Yes they are, banks operate on fractional reserve. Banks do signature loans all the time. A popular one is known as a credit card.

https://www.investopedia.com/terms/f/fractionalreservebankin...

It does not protect if the asset invested in goes down in value.

FDIC is protection against the bank being insolvent.

SIPC does not protect customers against losses from the rise and fall in the market value of investments.

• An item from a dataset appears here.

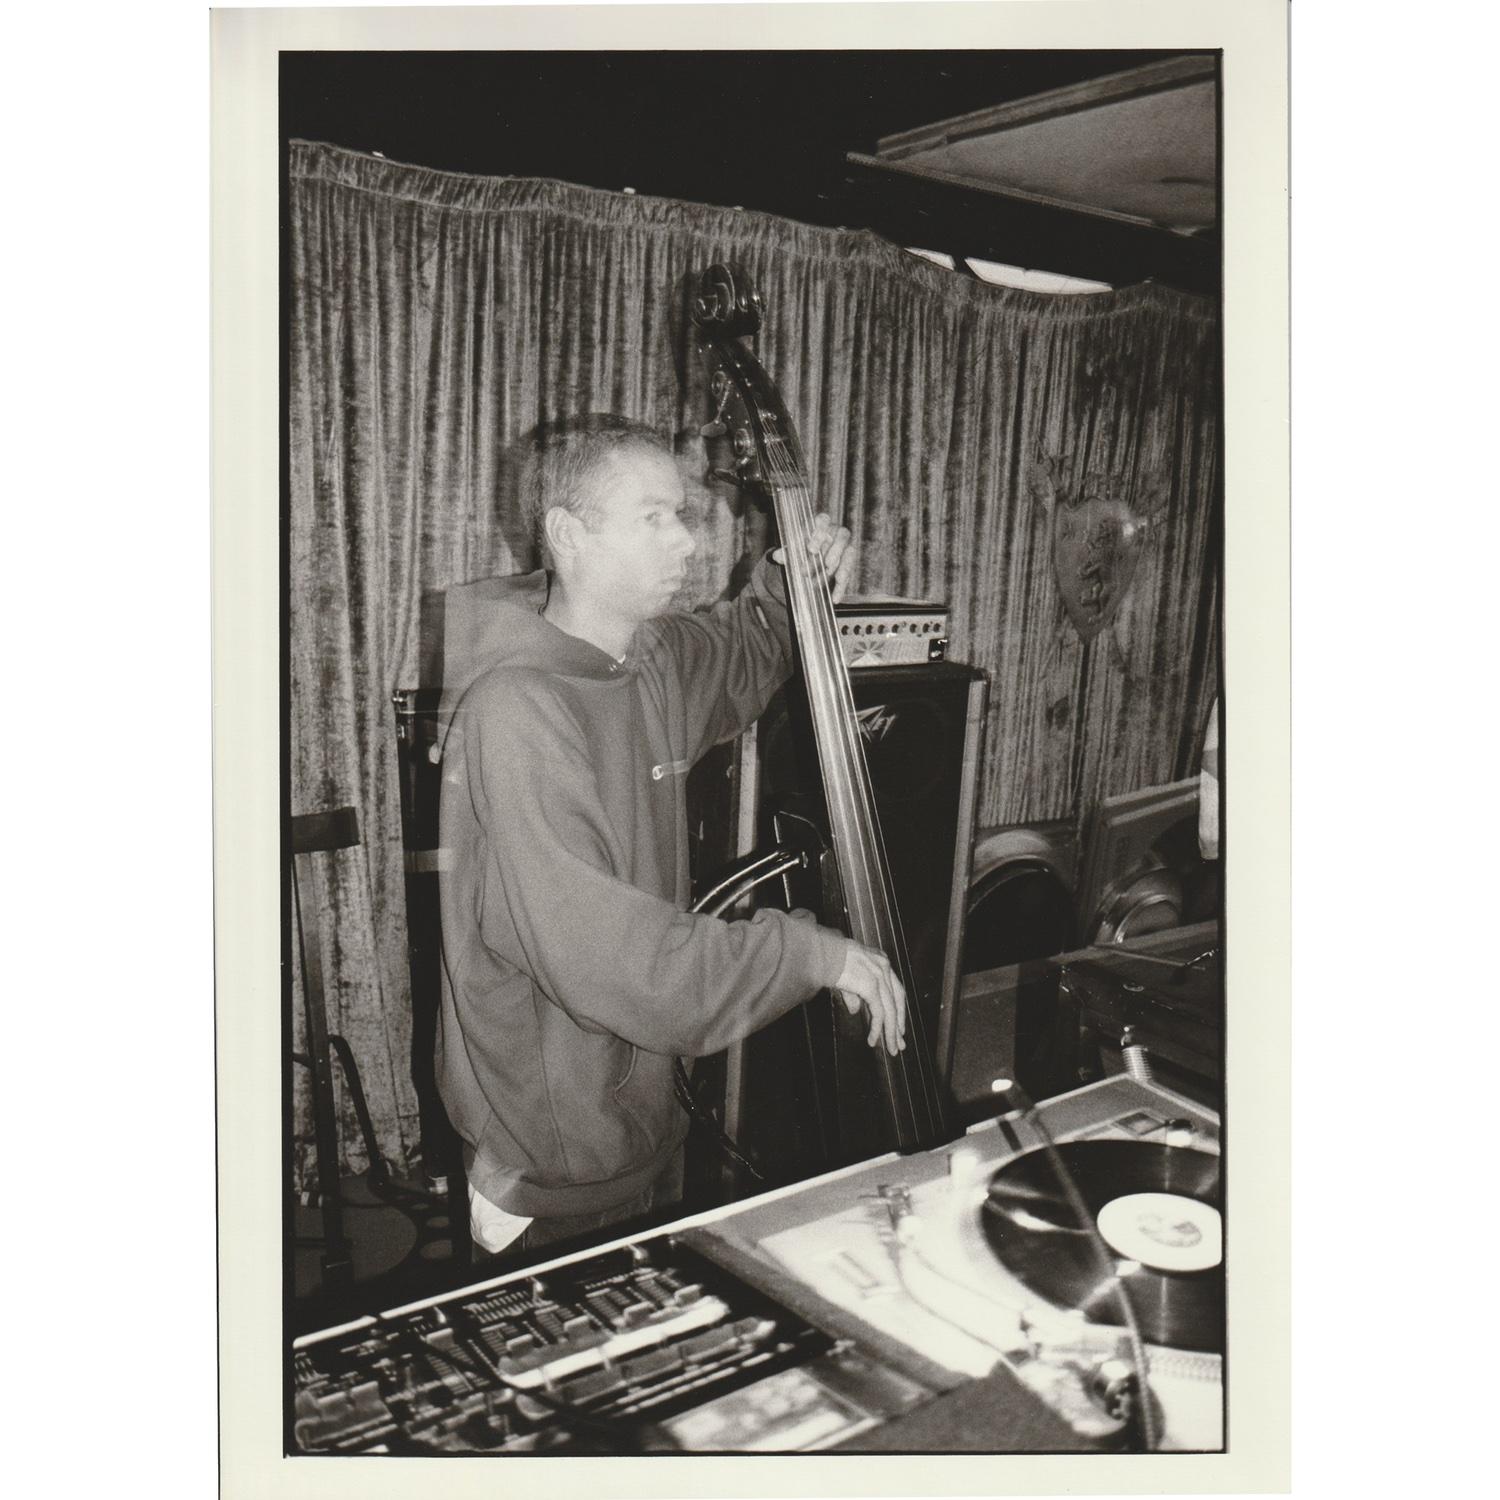 Originaler handgedruckter Vintage-Abzug des Fotografen Jake Chessum von Beastie Boys Adam Yauch, bekannt als MCA, beim Kontrabassspielen im Studio im Jahr 1994. 

Damals von Jake gedruckt, auf der Rückseite mit Bleistift signiert, datiert und

https://www.sipc.org/for-investors/what-sipc-protects


Poor interest rates compared to other more established competitors like https://celsius.network/


This "established competitor" (which I have never heard of, but I'm not very up to date) has domain registered on 2020-06-08 ...

Many popular exchanges have been offering staking for years.


Unavailable past login as far as I can tell...


[flagged]


Yeah my favorite thing about CeFi and DeFi is that there is so much room to easily compete by contributing just a different combination of assets, almost infinite permutations possible

Each service offers a few assets, gets comfortable and extremely hard to contact by any other token’s community and loses business to the next service that does offer the token du jour for lending and borrowing.